本公开涉及一种语音播报方法,所述方法包括:接收到语音播报操作时,生成语音播报指令;根据所述语音播报指令在当前的网页界面从当前聚焦节点开始中查找节点;当所述节点为目标节点时,播报所述目标节点的文本内容;其中,所述目标节点为具有文本信息的不具有子节点且不响应操作事件的节点。本公开实施例还涉及一种语音播报装置。

Description

一种语音播报方法及装置 技术领域
本公开涉及通信领域,尤其涉及一种语音播报方法及装置。
背景技术
北美国家法律规定诸如手机等终端设备必须支持残障人士使用的语音辅助功能,如GOOGLE开发的TALKBACK语音播报辅助功能等。该语音功能通过盲人用户在手机上屏幕上进行一些手势的操作可以自动语音播报用户接触的控件名称或内容。但目前手机上的常规技术在支持这些语音辅助功能时还存在各种的问题。比如对于纯按键手机,在浏览器中支持语音辅助功能进行上网浏览来说这是一件非常困难的事情,因为在触摸屏上可以通过双指滑动自动依次语音播报网页文档对象模型(Document Object Model,DOM)树中每个节点的内容,而按键机上只有靠方向键导航才能对聚焦元素进行语音播报。
但语音播报和按键机方向键导航本身功能有冲突,因为按键机方向键只能聚焦网页中可聚焦的元素(如链接、输入框、按钮等),这样靠按键导航就会漏掉很多非可聚焦元素的正文信息的语音播报。因此,急需一种语音播报的技术方案,能够解决现有技术在进行语音播报的过程中漏掉很多非聚焦元素的正文信息的问题。
发明内容
有鉴于此,本公开实施例旨在提供一种语音播报的方法及装置,至少解决了在进行语音播报时漏掉很多非聚焦元素的正文信息的问题。
本公开实施例的技术方案是这样实现的:
本公开实施例提供一种语音播报方法,所述方法包括:接收到语音播报操作时,生成语音播报指令;根据所述语音播报指令在当前的网页界面从当前聚焦节点开始查找节点;当所述节点为目标节点时,播报所述目标节点的文本内容;其中,所述目标节点为具有文本信息的不具有子节点且不响应操作事件的节点。
在上述方案中,在播报所述目标节点的文本内容之前,所述方法还包括:确定所述节点为不响应操作事件的节点时,确定所述节点为非可聚焦节点;确定所述非可聚焦节点为网页文本对象模型DOM中不包括子节点的节点元素时,确定所述节点为叶节点;判断所述叶节点的文本长度;当所述叶节点的文本长度大于预设的长度阈值时,确定所述节点为目标节点。
在上述方案中,在播报所述目标节点的文本内容之前,所述方法还包括:检测所述目标节点的待播报内容大小;根据所述目标节点的待播报内容大小对所述目标节点进行对应的节点重构处理。

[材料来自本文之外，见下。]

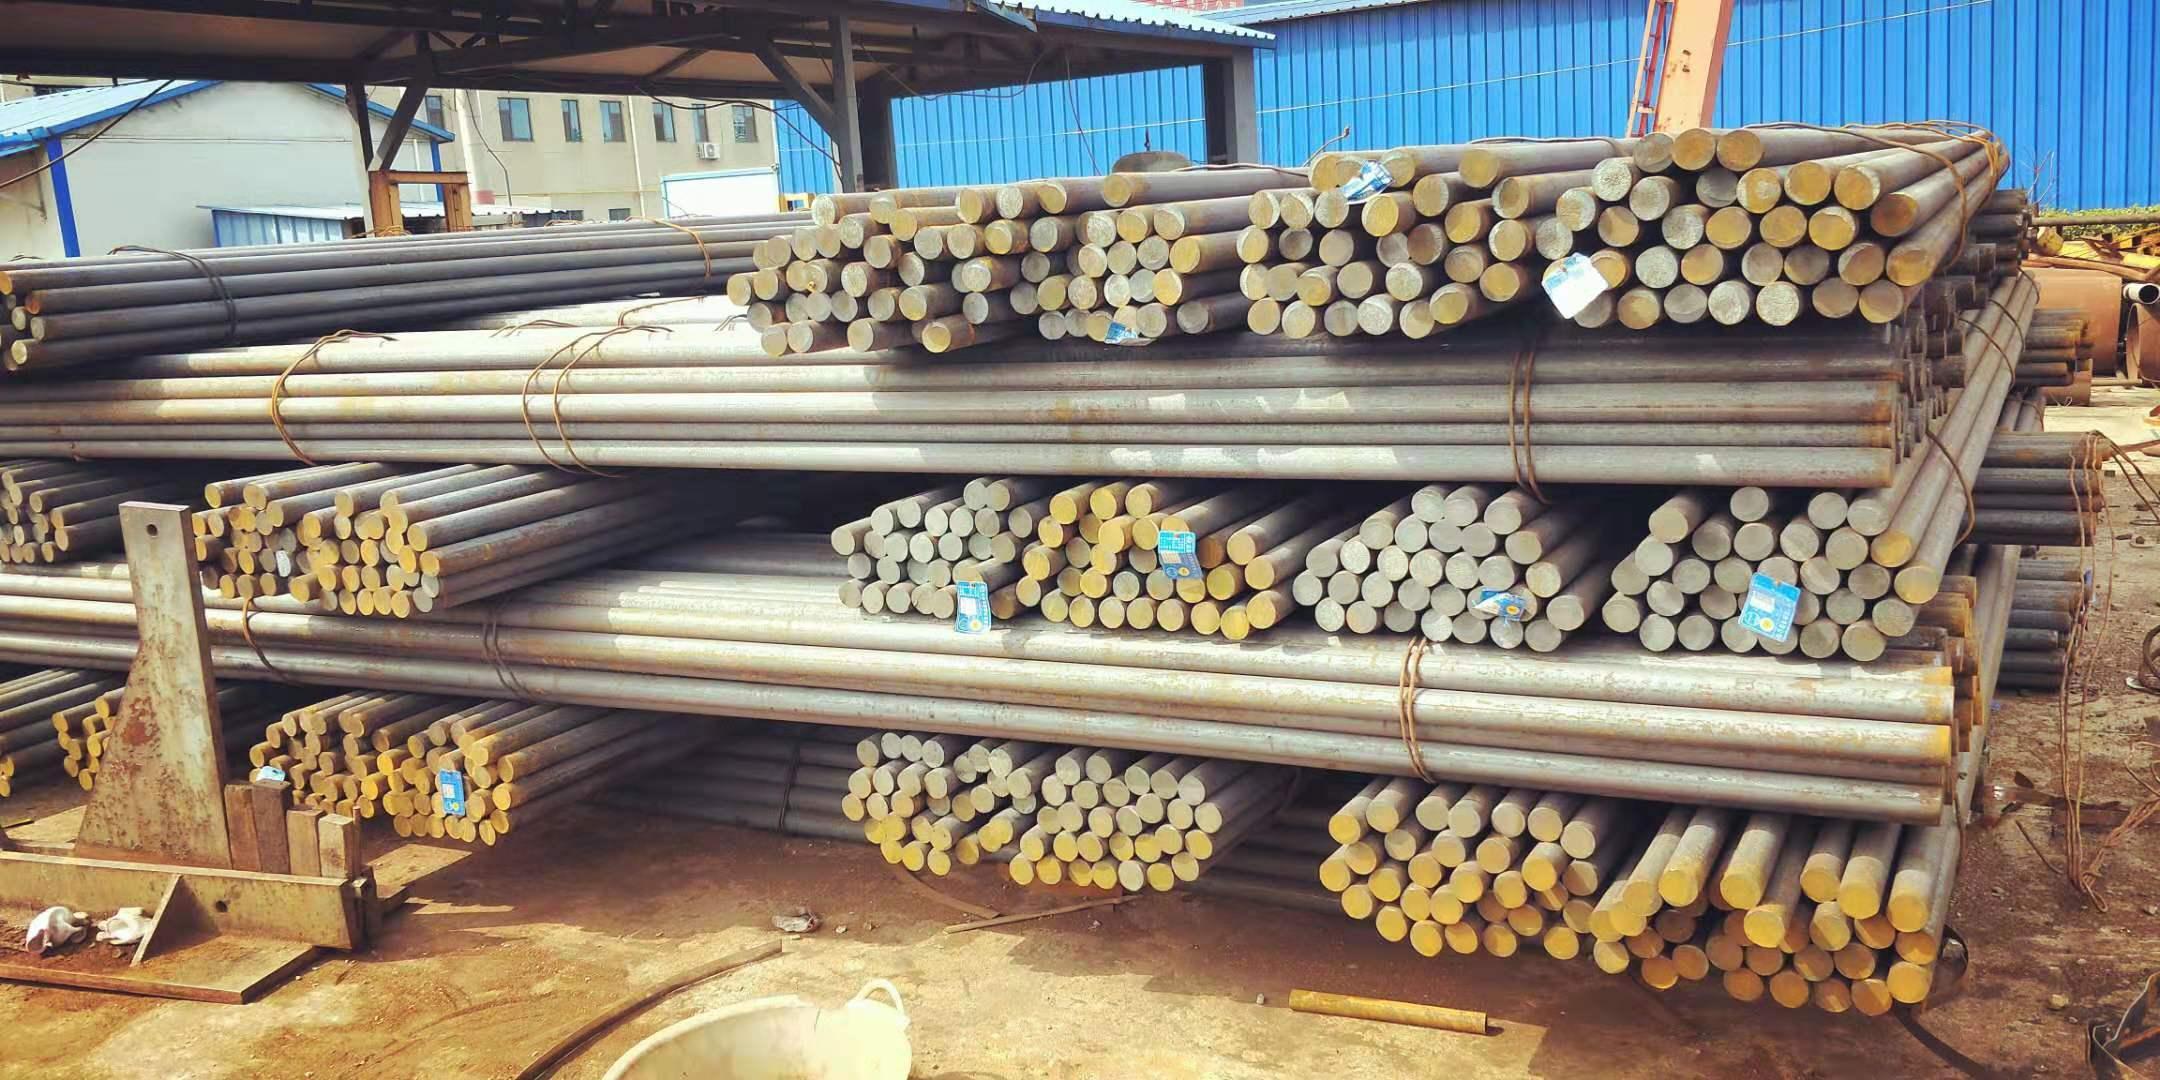 9Cr18MoV,5CrNiMo,9Cr2Mo,3Cr2W8V,4Cr9Si2,25Cr2MoV圆钢供应商报价

在上述方案中,所述根据所述目标节点的待播报内容大小对所述目标节点进行对应的 节点重构处理包括:当所述目标节点的待播报内容未达到第一预设范围时,对所述目标节点进行合并处理,将合并处理后的待播报内容作为文本内容;当所述目标节点的待播报内容属于所述第一预设范围内时,获取所述目标节点的待播报内容,将待播报内容作为文本内容;当所述目标节点的待播报内容超过所述第一预设范围时,对所述目标节点进行分割处理,将分割处理后待播报内容作为文本内容。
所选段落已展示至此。